Can using time module be noisy, as benchmarks looks pretty smooth in gpu, which is not using this time module?

avik-pal · 2020-07-27T20:58:04Z

It is possible, but again the pytorch people are also using a similar script

nirmal-suthar · 2020-07-27T21:27:14Z

I guess, I have figured out the problem. Cyclops CPU are already busy and while running cpu benchmark, htop shows all cpu as maxed out, which is why benchmarks are noisy [I have updated above plots]. I will run benchmarks script again once cyclops is free.

nirmal-suthar · 2020-07-30T04:07:02Z

@avik-pal I have updated TriMesh plot above, cyclops was mostly free while benchmarking.
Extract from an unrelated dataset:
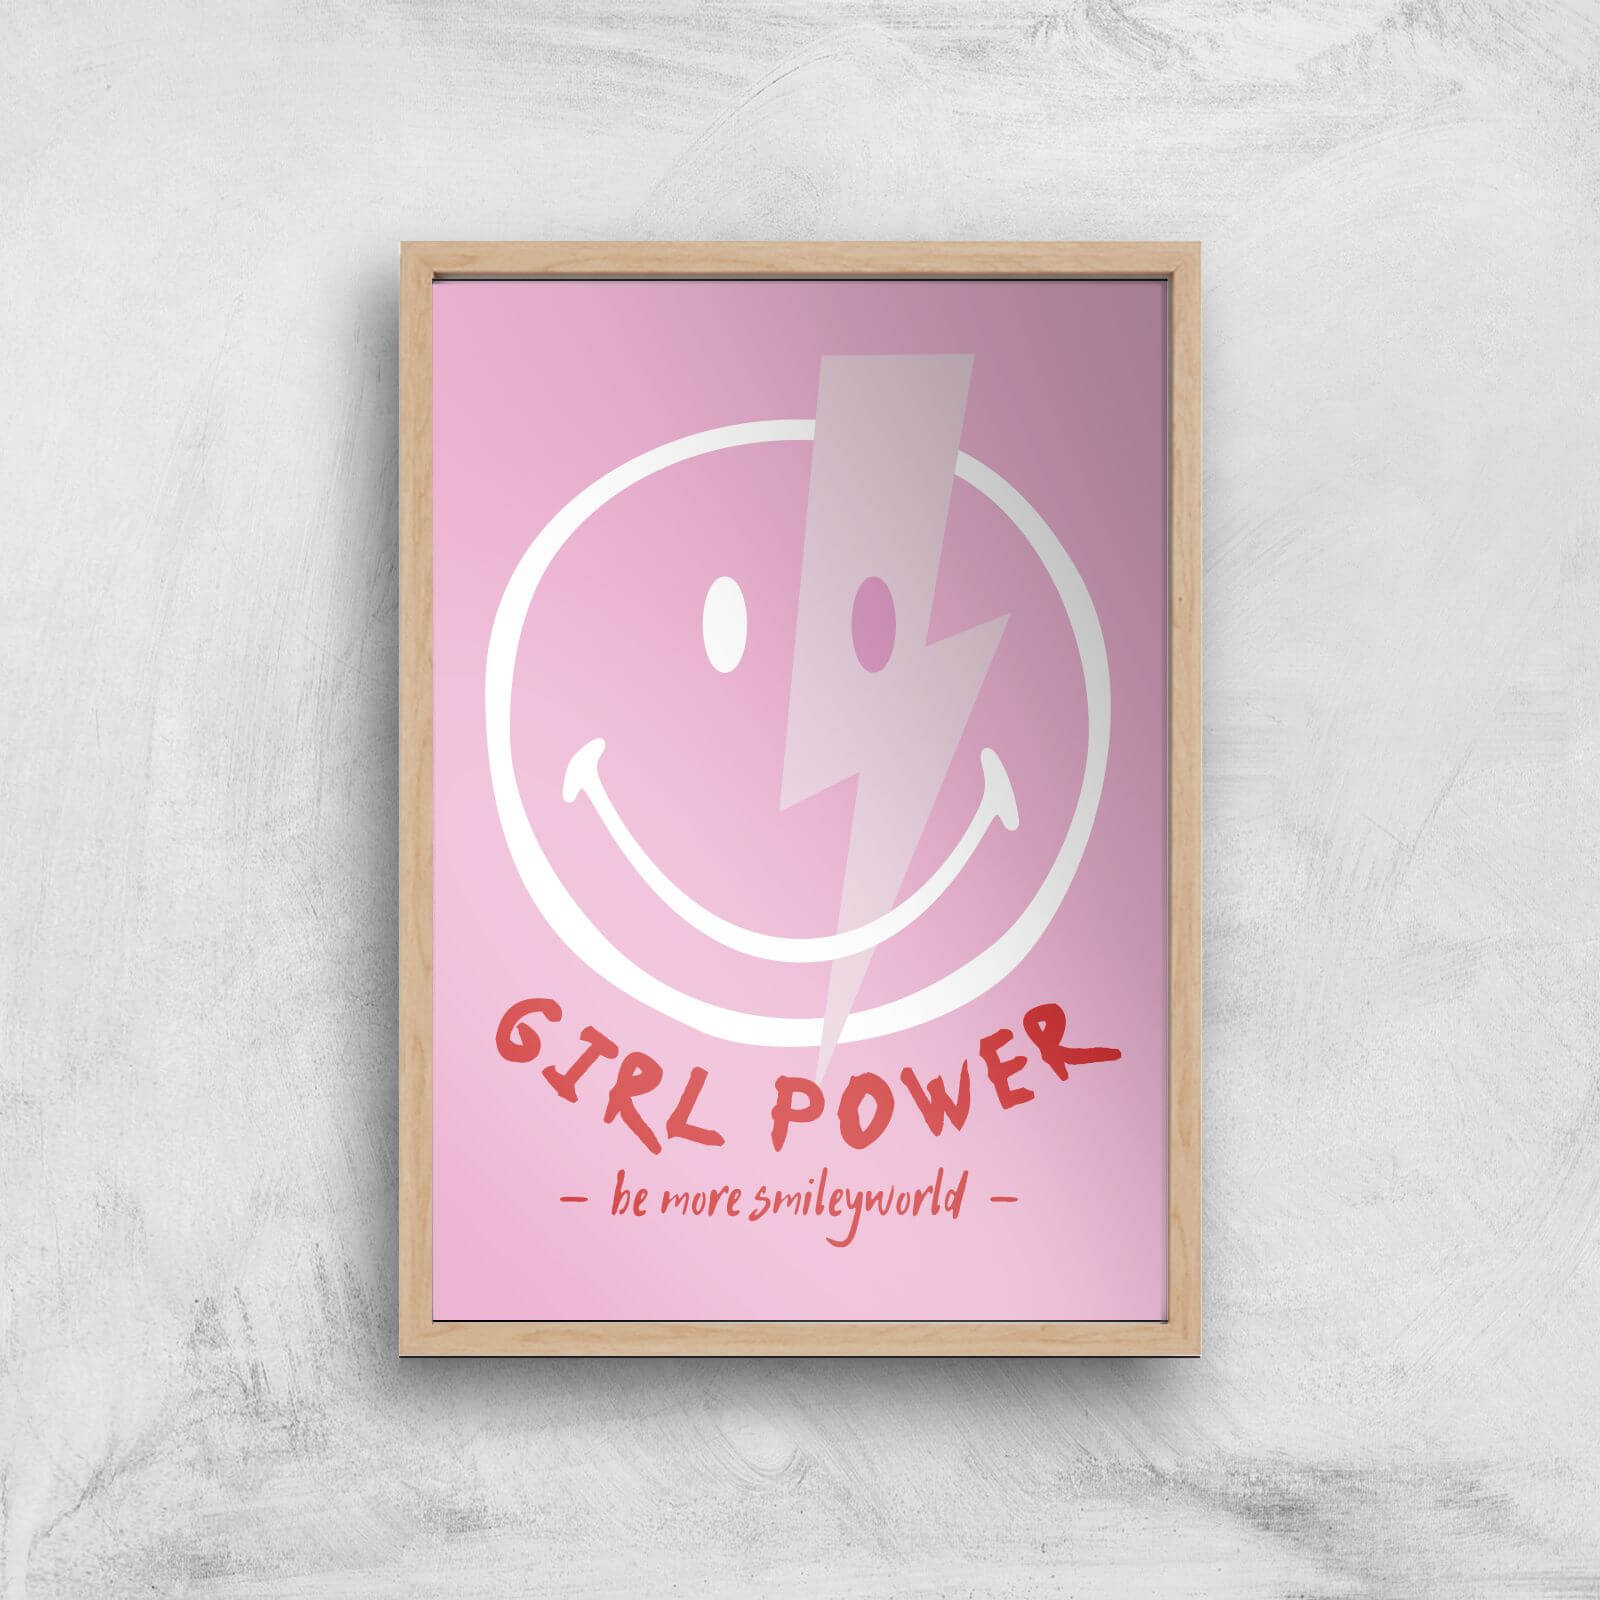 Girl Power Giclée Art Print - A4 - Wooden Frame

avik-pal · 2020-07-30T05:11:21Z

~~Hmm... Interesting. So making it in place has zero effect on the performance... That doesn't seem right!~~
As per discussion on slack it turned out to be some type inference issues in std function in CUDA.jl JuliaGPU/CUDA.jl#336 (fixed). The following function can be used for the time being

stdev(a, m) = sqrt.(sum((a .- m) .^ 2, dims = 2) / size(a, 2))
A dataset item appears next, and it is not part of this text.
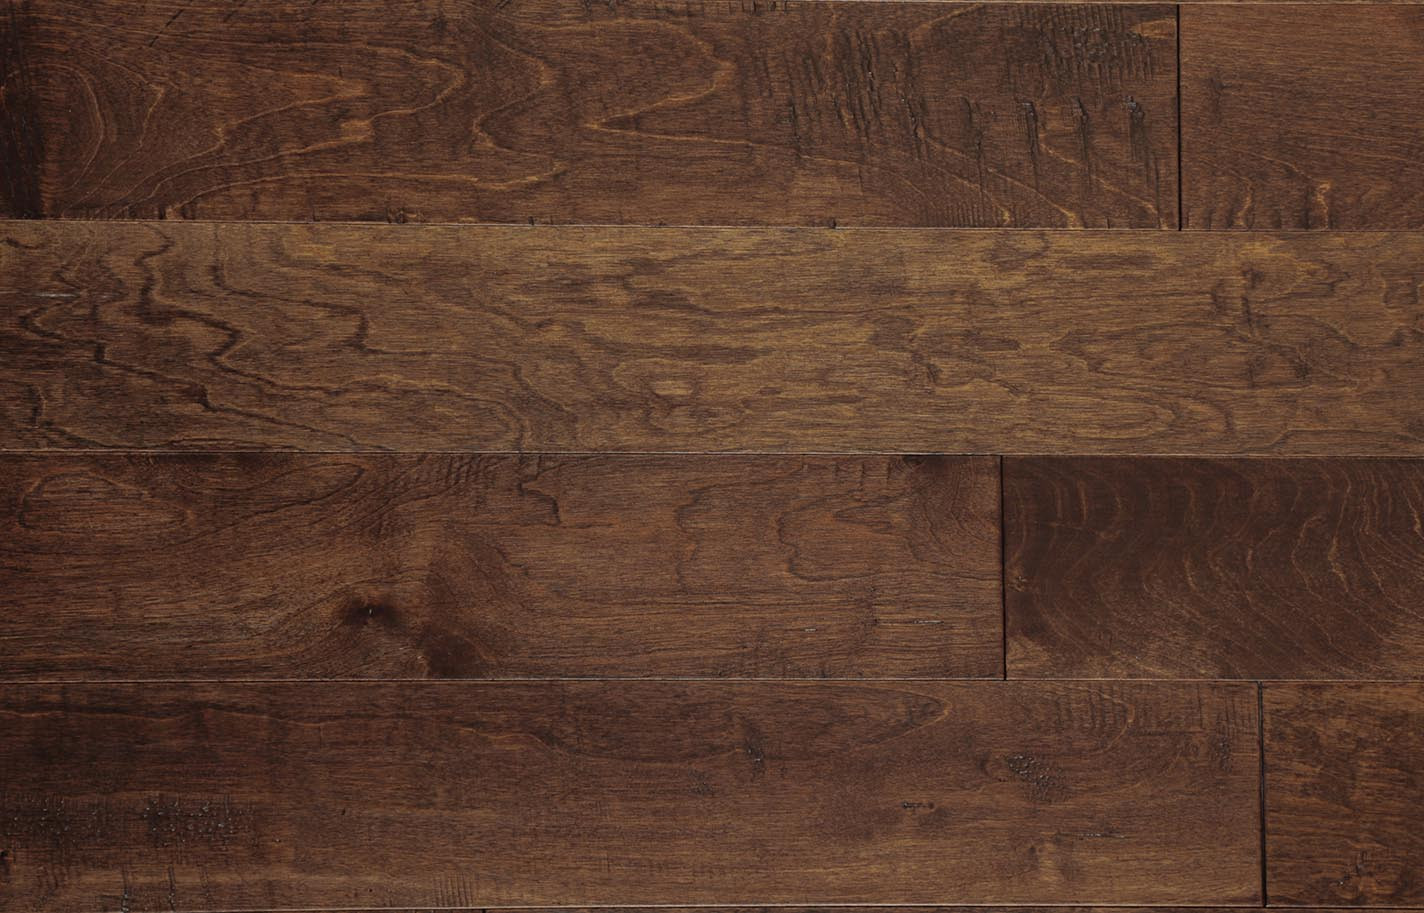 29 Elegant Janka Rating for Hardwood Floors 2024 free download janka rating for hardwood floors of hardwood flooring inside harvest birch

Additionally, the performance has significantly improved on CUDA.jl master. We will still continue to use the latest stable release but we should still check if any of the performance issues persist on the master. If they don't we should go ahead and merge this.

And how are the metrics faring with kaolin?

nirmal-suthar · 2020-07-30T17:45:17Z

Due to some reason chamfer distance in kaolin is not working on my setup, so would try fixing it today. This loss is written in cuda native, so not able to figure out exactly.

avik-pal · 2020-07-30T17:49:15Z

Interesting... If you cant fix it let me know. I have kaolin setup on a cluster. I will install julia and run the benchmarks. (And maybe post which exact scripts I need to run)

nirmal-suthar · 2020-07-31T02:33:51Z

Kaolin benchmarks were too noisy on cyclops, So I tried benchmarking on colab (chamfer_distance cpu kaolin was very slow to benchmark)

nirmal-suthar · 2020-07-31T03:36:00Z

@avik-pal Is build failing due to julia 1.3 is not compatible with GPUCompiler?
ERROR: Unsatisfiable requirements detected for package GPUCompiler [61eb1bfa]:
Tests are passing locally on julia 1.4

avik-pal · 2020-07-31T06:42:15Z

@nirmal-suthar Could you try getting rid of the Manifest once?
It says restricted to versions 0.5.5 by an explicit requirement, leaving only versions 0.5.5 but there is no restriction on the Project.toml

avik-pal · 2020-07-31T06:46:57Z

chamfer_distance cpu kaolin was very slow to benchmark

True. I am happy that Flux3d can at least compute it on CPU. It is a very expensive operation and a general bottleneck for any 3d mesh-based work I have ever done. I would suggest putting a note that the Kaolin one is too slow to be benchmarked in a reasonable time.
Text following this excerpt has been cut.